Thinking back....Jackson has never hugged me or given me a kiss....ever. I thought it was just him. I thought well, he just isn't very emotional. Now I'm sad...thinking he may never hug me...or give me a kiss..or even talk. All my dreams I feel are gone. I don't want to think the worst. I want to have hope....but, when your faced with the worst it's all you think about. OK!! ENOUGH! I'm done going there! If you ever hear me being negative....smack me!!! HARD!!!! My Jack Jack will succeed. PERIOD!

I want to write about Jersey walking and all the cute things she's doing but, i feel myself thinking....but, is she autistic too or have something wrong with her....why isn't she pointing like other 1yr olds??? Why, why, why?!?!? I feel like a complete paranoid freak.

"Jersey...say ma-ma.....Jersey...wave.....Jersey say more......Jersey....say da-da......" Really??? I'm annoyed and kinda embarrassed I'm doing this.....She's14mos.

I hope this passes and I can become normal. I'm his voice. That's what I keep saying. My sons nurse (who has an Autistic son herself) told me to just deal with Jackson...one day and one thing at a time. I know I need to but, my mind is just racing. I just want to enjoy my kids not worry so much. I mean we all worry....but, do you cry (sob) everyday at anytime from worrying??? Yeah, it's just me....I feel like I shouldn't participate in anything fun because I don't want to bring everyone down with my sadness.....

I do have some amazing friends though.....they really are an amazing group of woman and I love them all.....

My husband tries to console me but, it's hard I'm sure for him too....

Jackson has testing 9/19 which seems so far away.....but, I'm glad its set. I'm hoping for the best. Keep praying...never stop!

Denise

Wednesday, August 29, 2012

When will the crying stop

I feel like one minute I'm good and then the next I'm sobbing.....I feel like I have a death in the family....I want to make Jackson Better! I don't want him to suffer in life. I just hope I can do whatever needs to be done and then some! I'm so angry and upset at myself.
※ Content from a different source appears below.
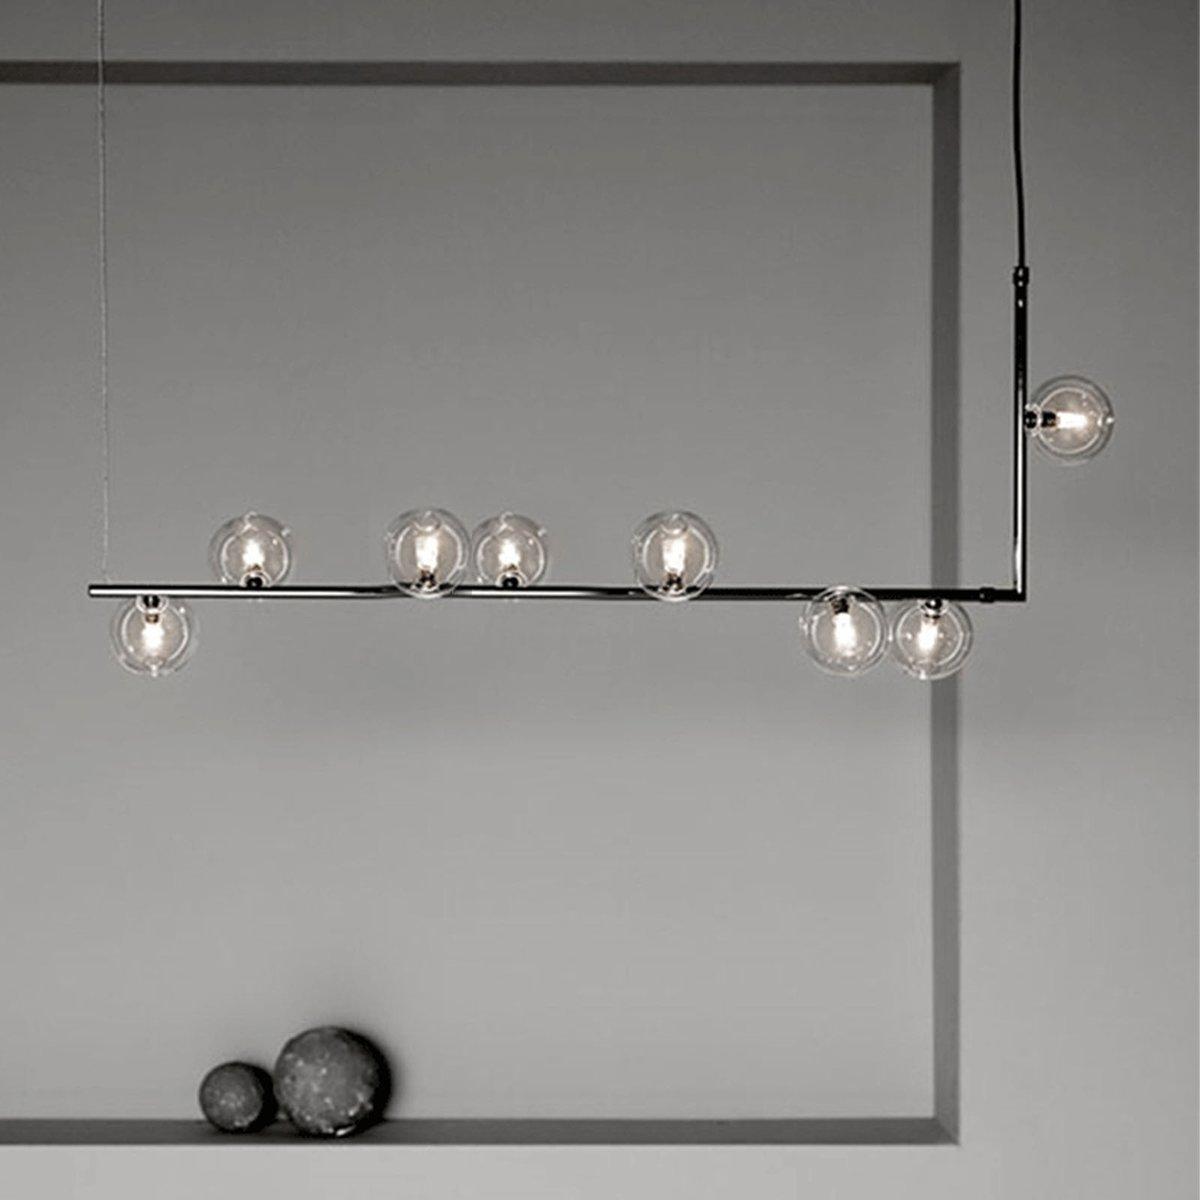 Uppsala 8 Heads Pendant Lamp Cy New 026 8 Ch Pendant Lamp G9 Led Bulb Wooden Chandelier
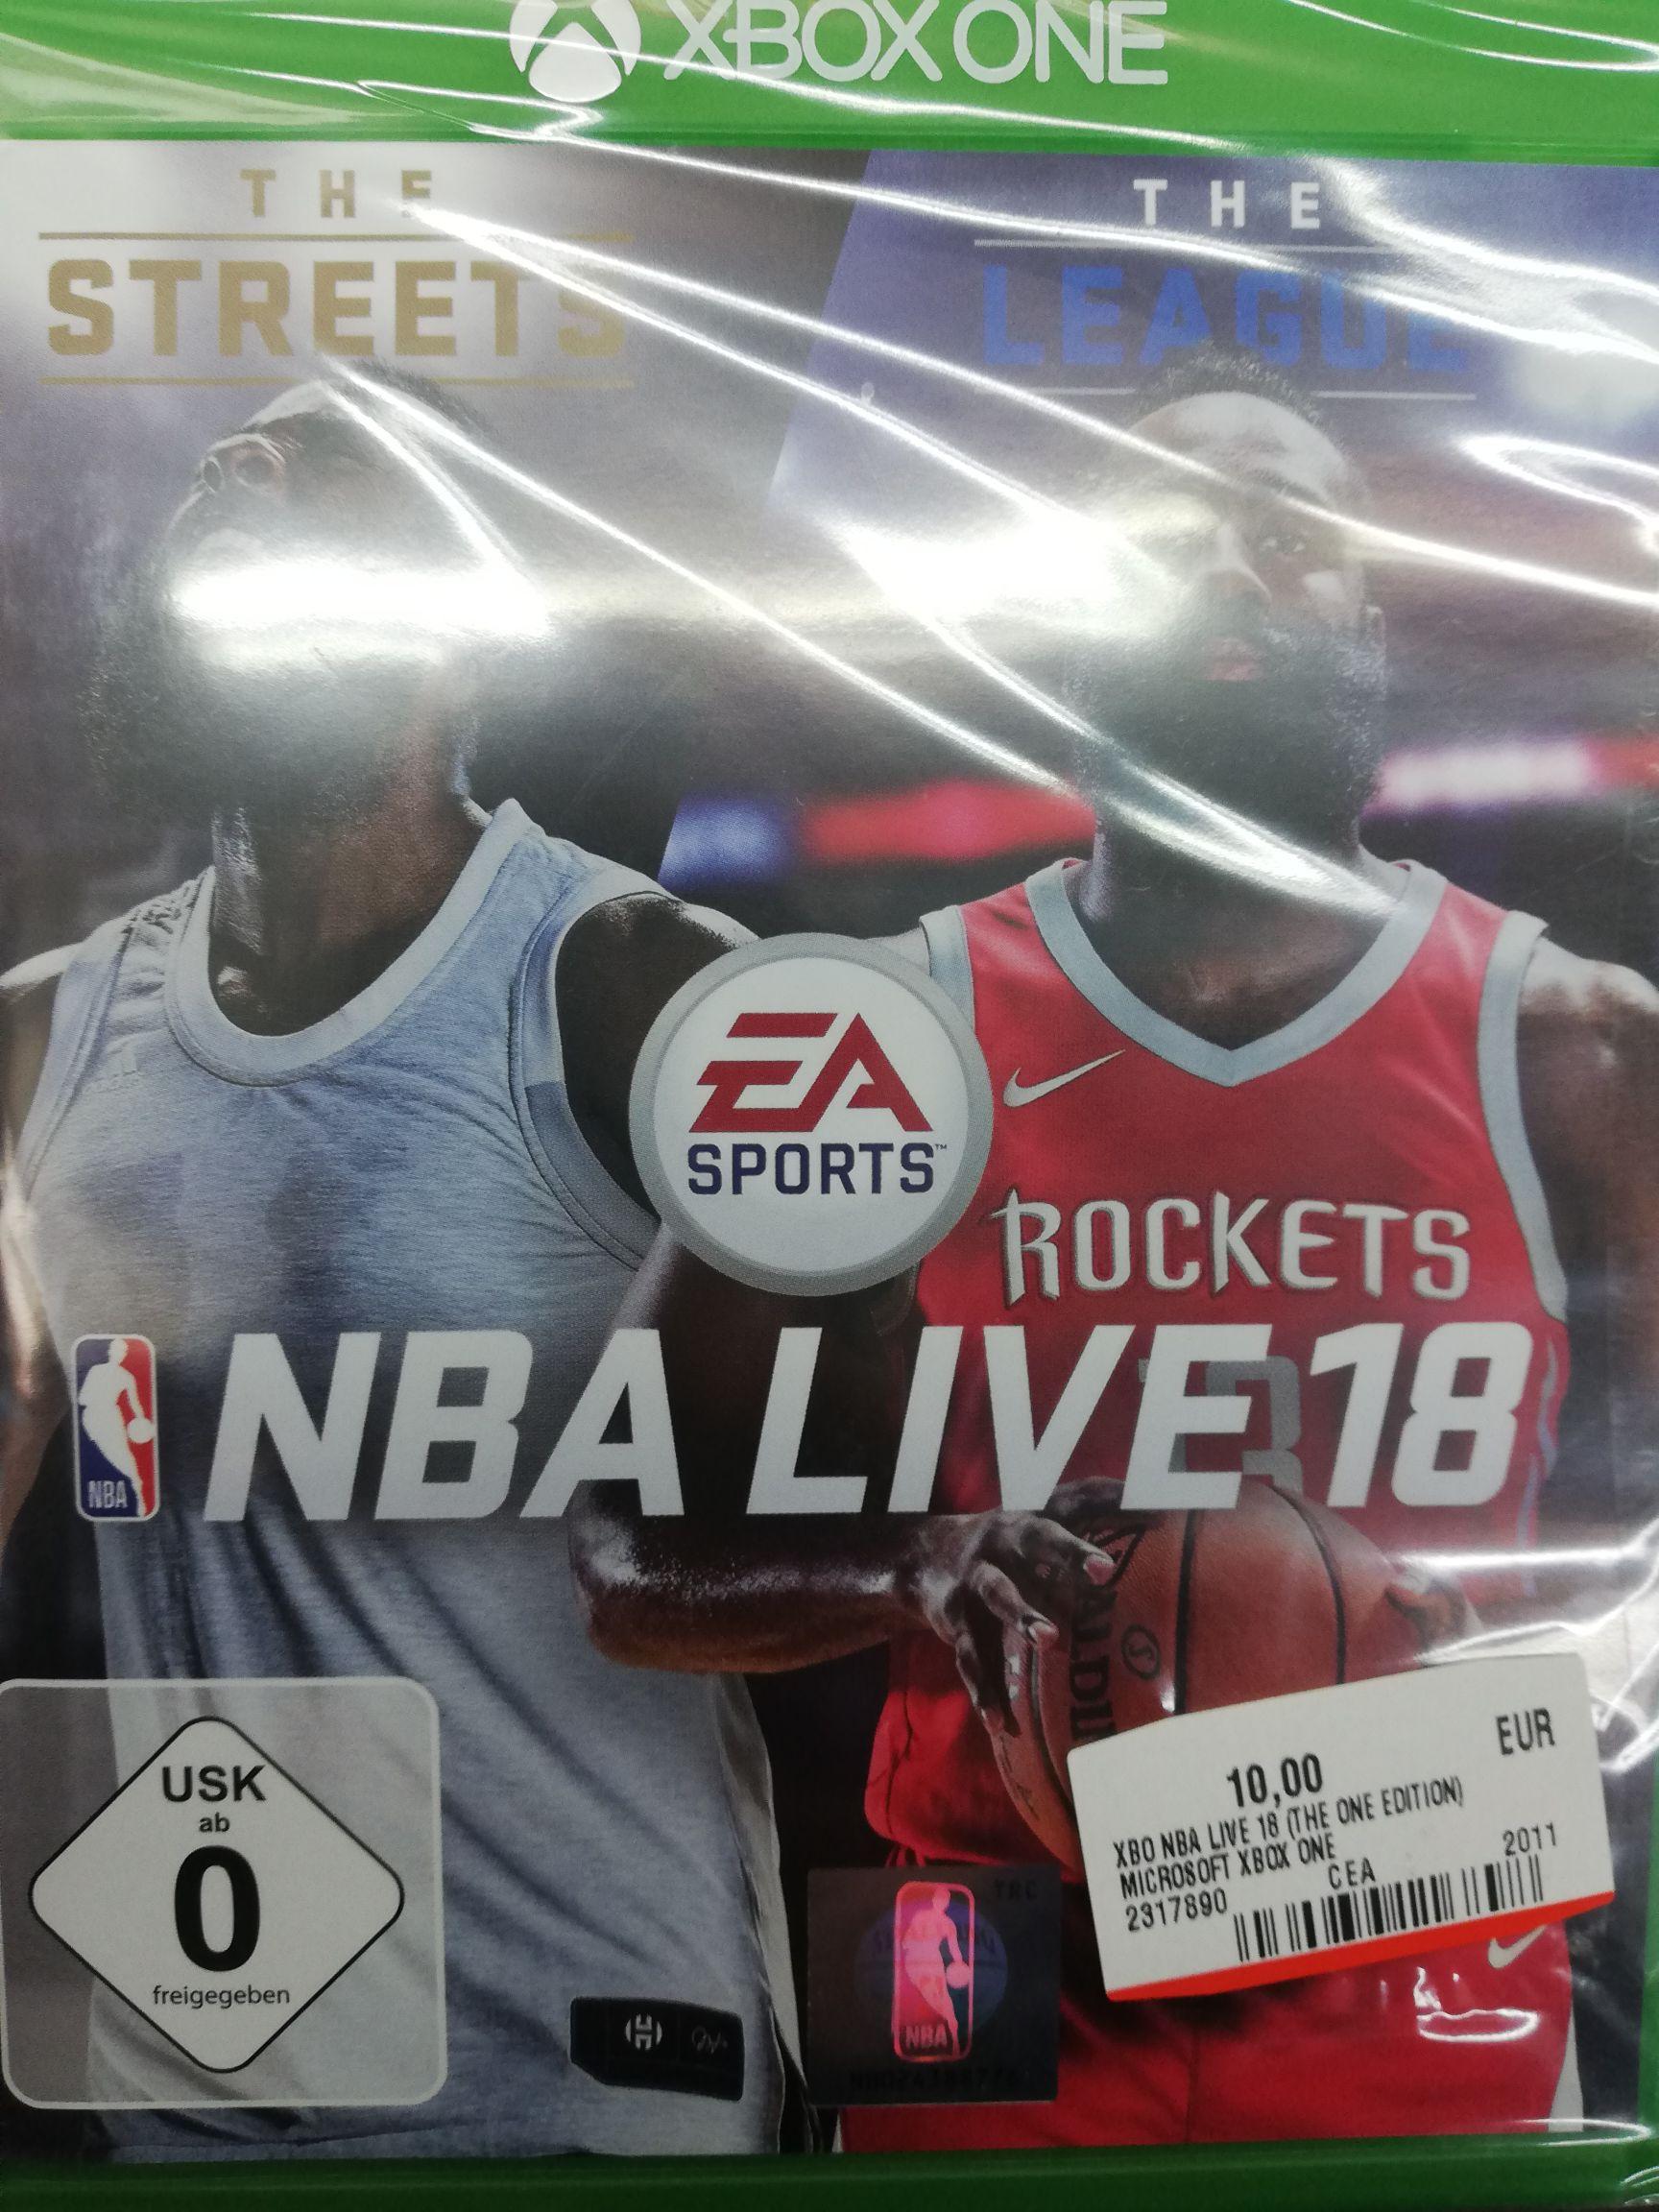 NBA Live 18 The One Edition (Xbox One) (Lokal Mediamarkt Schwedt)

What could I have done differently while I was pregnant? What can I do now? I just don't know where to start....

I'm just so sad and I can't control my emotions right now.

We went on Monday to see his speech pathologist for the 2nd part of his assessment and now we just wait for auths for his speech therapy to begin. She said it should take about 2 weeks. I also spoke to Regional on Monday and they will be setting up another evaluation for him. Hopefully this all happens quickly so we can start therapy and work on his success.